Once we have analyzed a mistake, the task of defining the correct response falls to subject matter experts. Often, the response is already known, just not by practitioners. In some cases, the response is fairly obvious, given the problem, while in a few cases, the response requires some effort to define.

Task 4: Train

The most effective way to train learners to avoid a mistake is to construct a realistic learn-by-doing scenario in which learners confront the challenge that typically leads to the mistake and practice executing the correct response.

An effective challenge meets three main goals:

• Ensure that the learners who would make the mistake in real life will make it in training.
• Make the simulated consequence of the mistake as memorable as possible.
• Make the situation as authentic as possible to ensure that learning is transferred to the real world.
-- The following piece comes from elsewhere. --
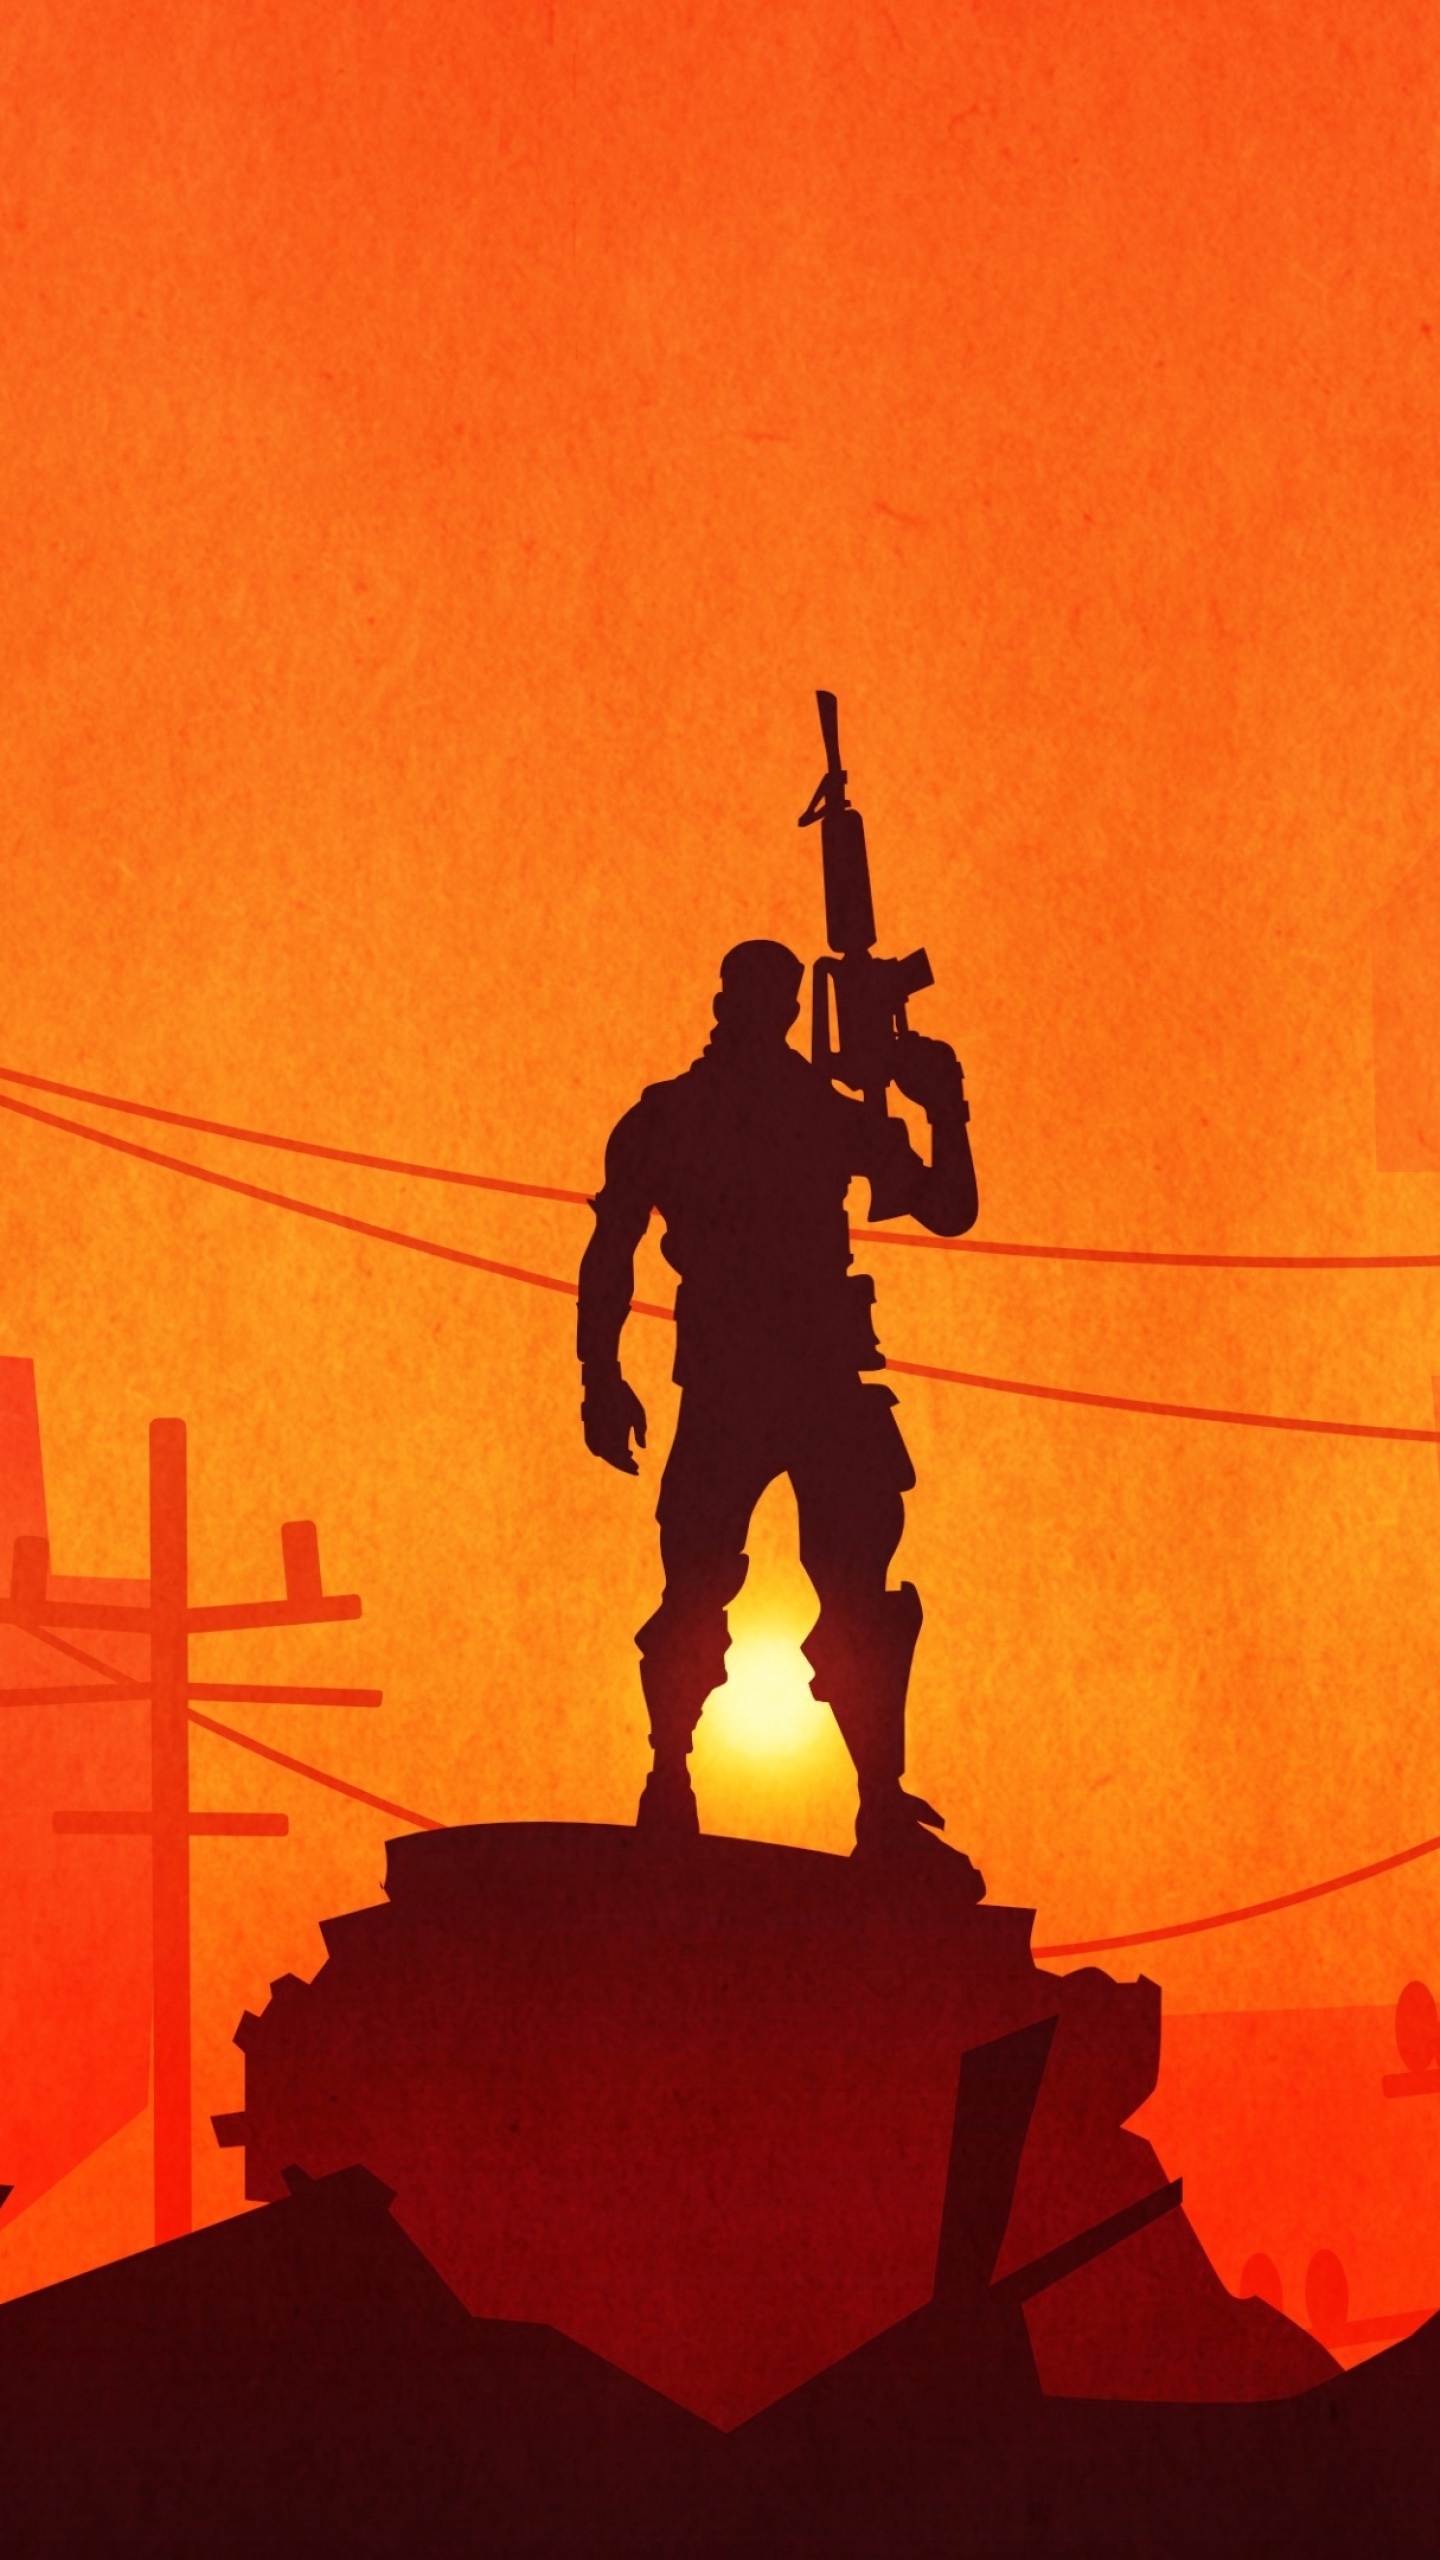 Download Fortnite Warrior Silhouette In Sunset 1600x900 ...
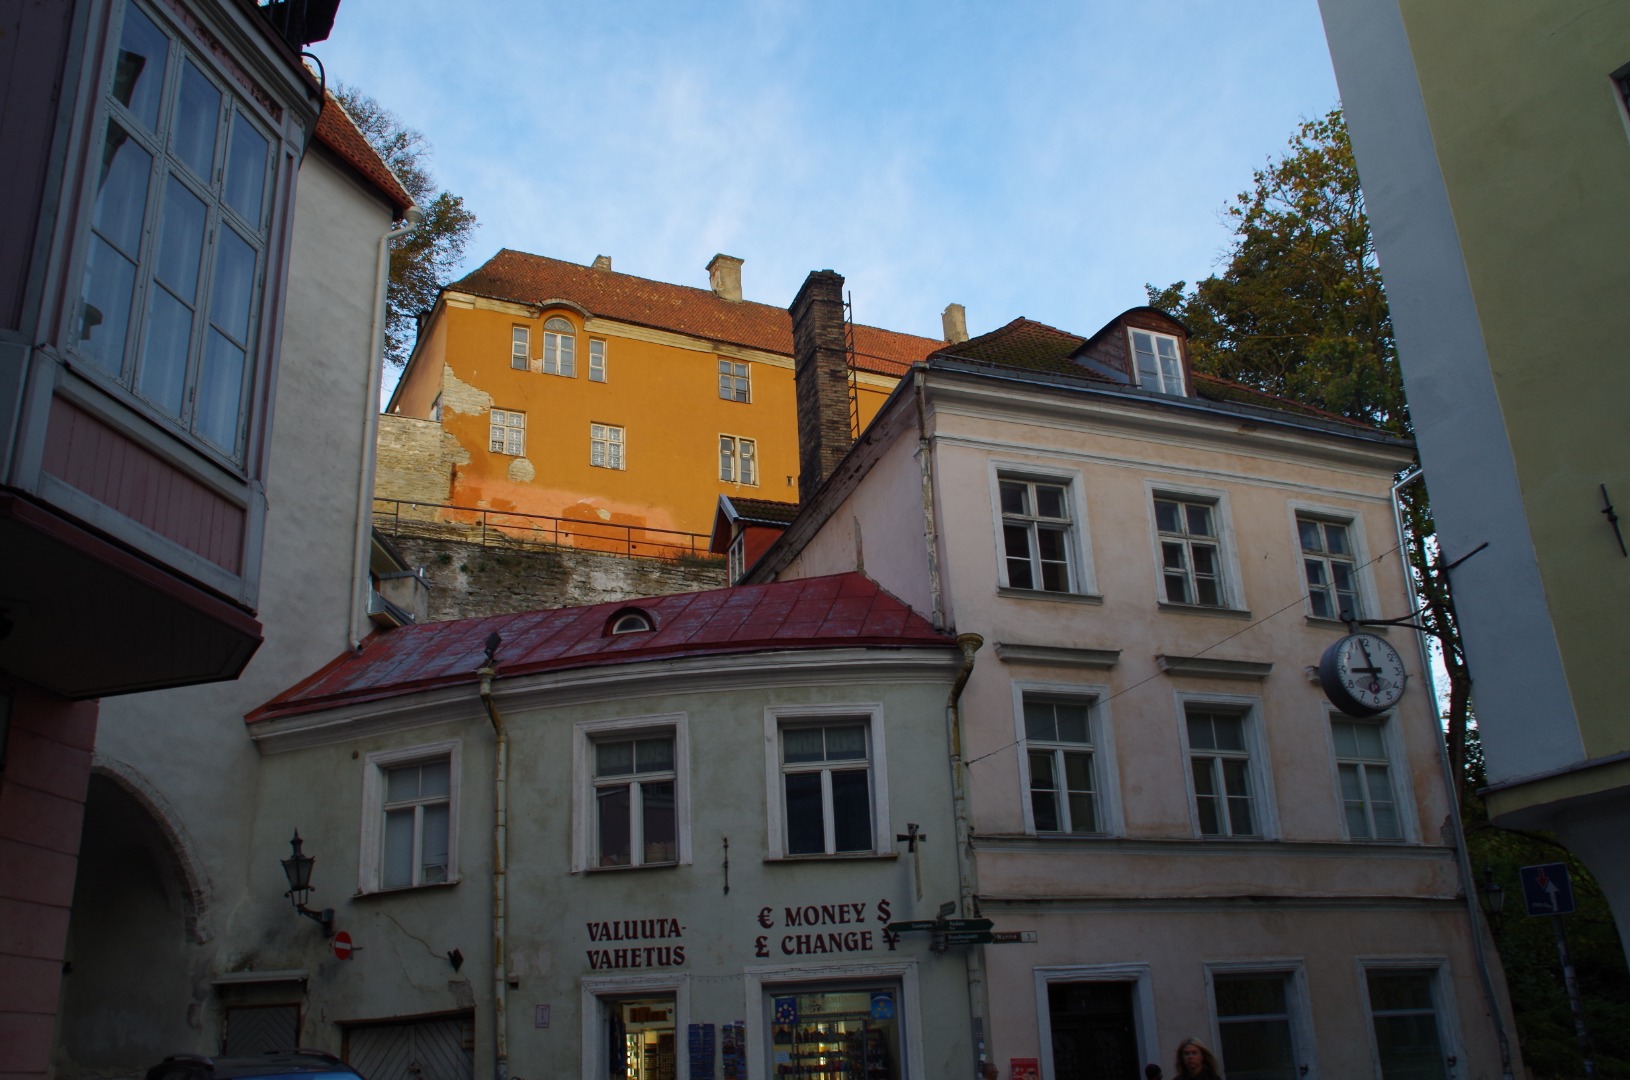 Buildings in the Old Town of Tallinn rephoto

A challenge in CMA consists of five components:

• Backstory: a description of the situation in which we initially place the user; for example, “approaching for landing in thunderstorm conditions”
• Action sequence: for example, a sequence paralleling what Eastern 66 experienced
• Decision point: for example, the last point in our scenario at which a pilot could throttle up and expect to escape
• Playout of consequences: for example, a crash sequence that is as faithful as possible to what happened to airplanes like Eastern 66
• Coaching and feedback: Learners may need help to understand fully the mistake they made and how it led to the observed consequences. Tailored coaching enhances the learners’ ability to process and assimilate the lesson they learned.

Once we have sketched challenges in this way for all of our targeted mistakes, we have completed our critical mistake analysis.

The Future of CMA

We have successfully utilized CMA in a wide variety of domains. In almost every case, the biggest challenge is data acquisition, because corporate training initiatives are not generally designed to process and analyze performance data continuously from the field. But the rapid digital transformation of the industry suggests that this problem will be less and less of an obstacle as more and more performance data is collected automatically. For example, airplanes now continuously track performance data on both equipment and pilots. The era of “big data” is at hand, and one of the most exciting uses of that data will be to enable a continuous improvement training methodology that allows us to implement a critical mistake analysis approach in every domain.